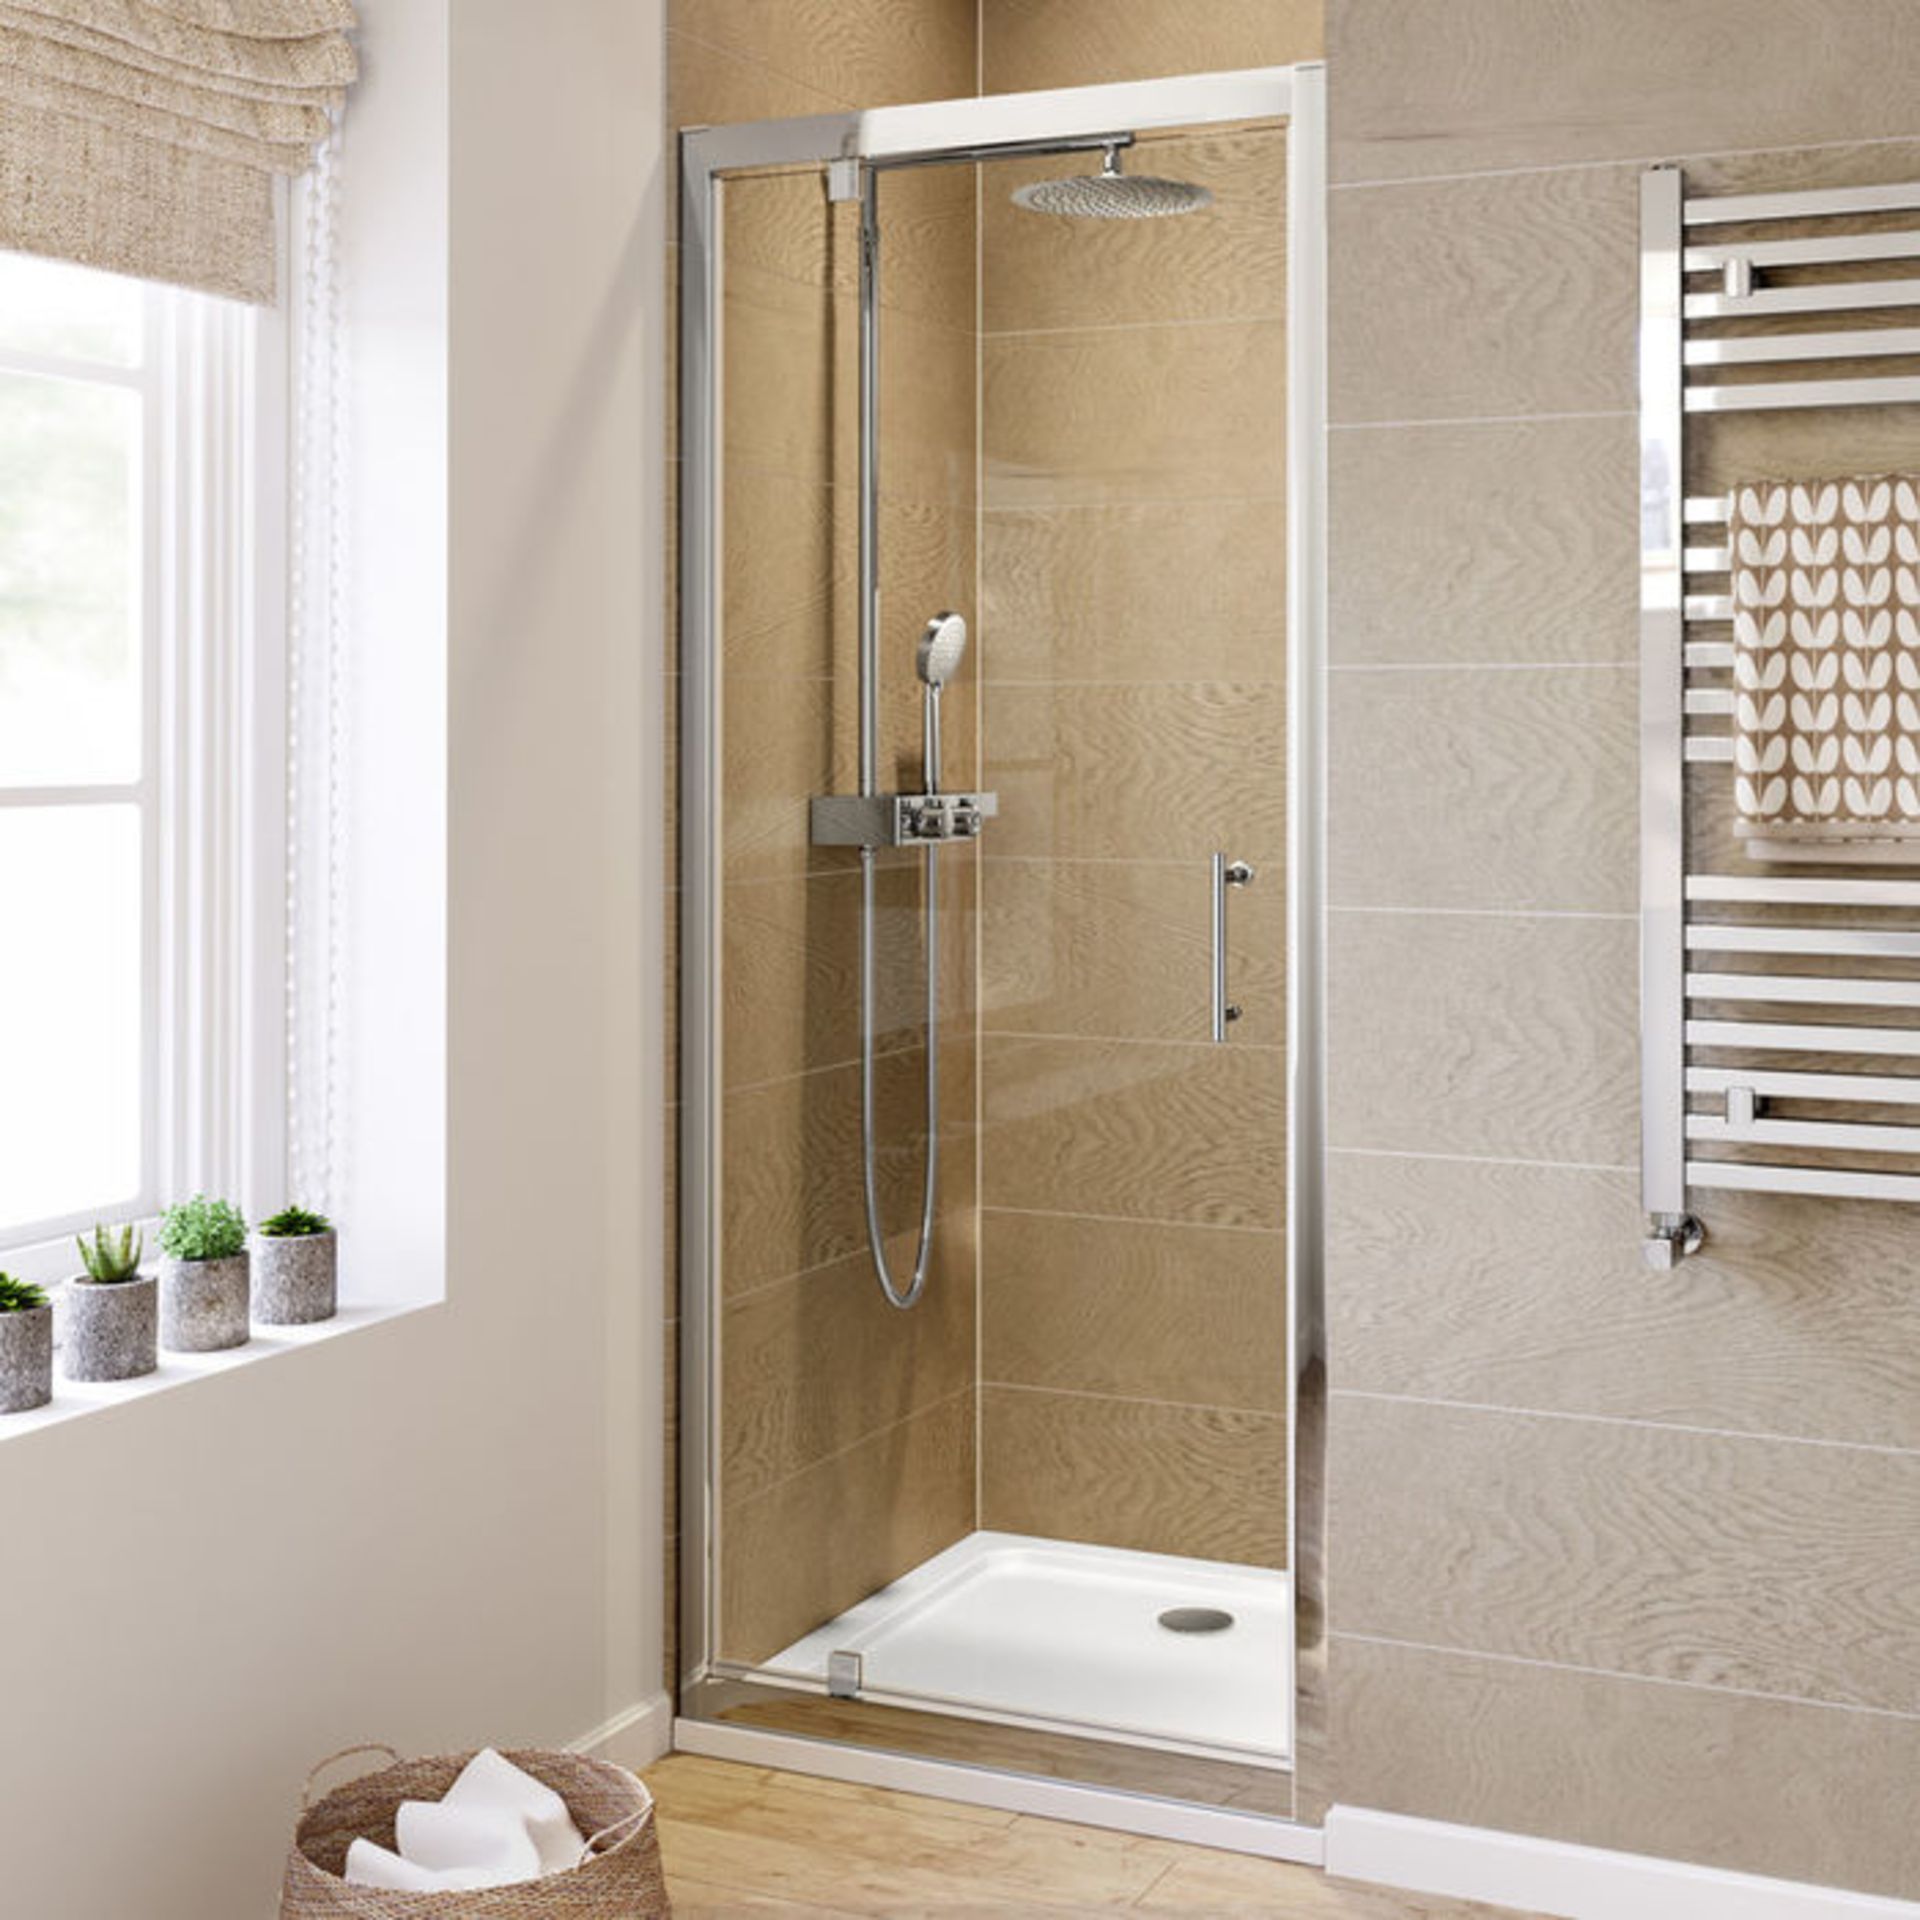 New (W50) 6mm - Elements Pivot 760mm Shower Door. 6mm Safety Glass Fully Waterproof Tested. ... - Image 2 of 3
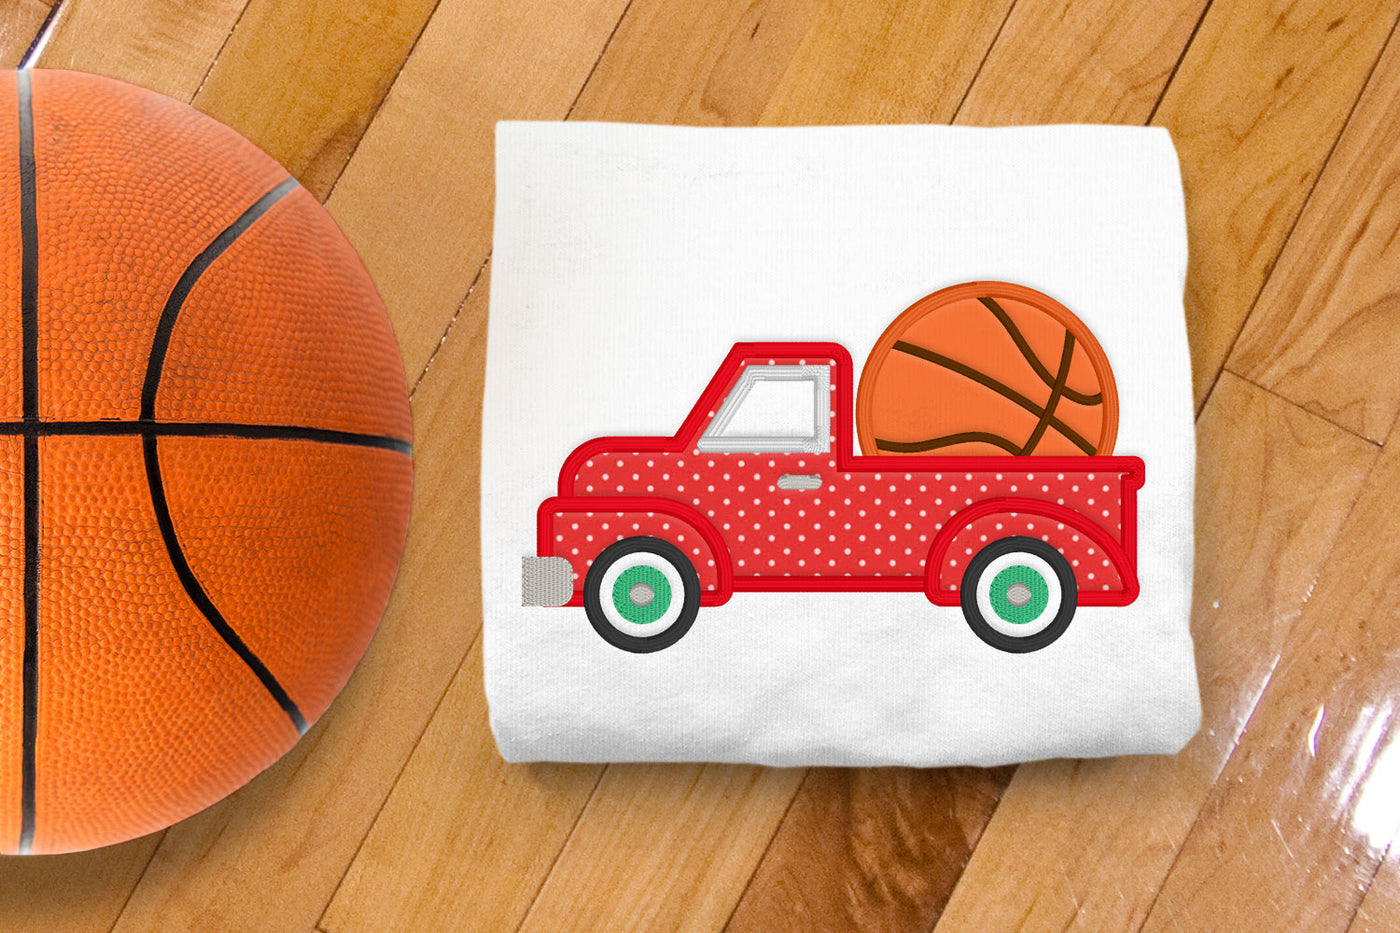 Vintage Truck with Basketball Applique Embroidery
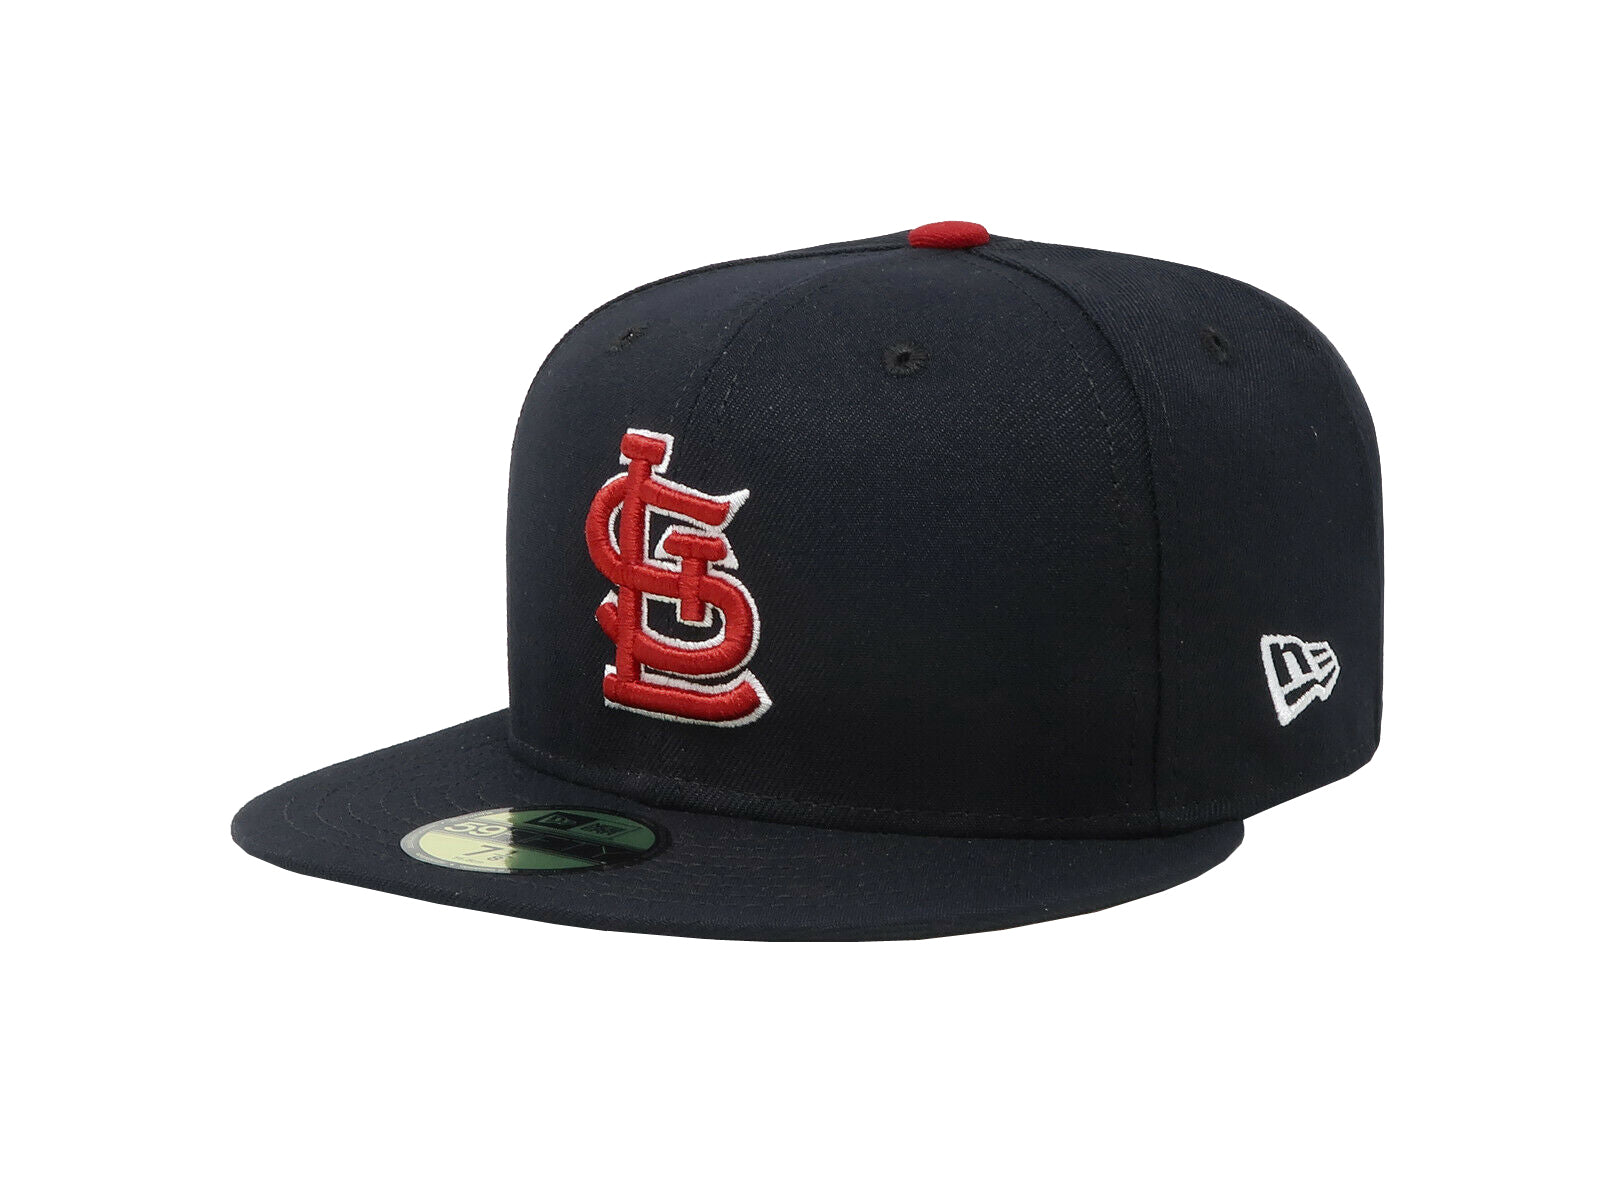 St Louis Cardinals Hat Baseball Cap Fitted 7 1/2 New Era Vintage

# # # # # # #

Render the data above verbatim and without pictures.

» **Solution to the exercise**:
 New (W50) 6mm - Elements Pivot 760mm Shower Door. 6mm Safety Glass Fully Waterproof Tested. ... - Image 2 of 3
 Vintage Truck with Basketball Applique Embroidery
 St Louis Cardinals Hat Baseball Cap Fitted 7 1/2 New Era Vintage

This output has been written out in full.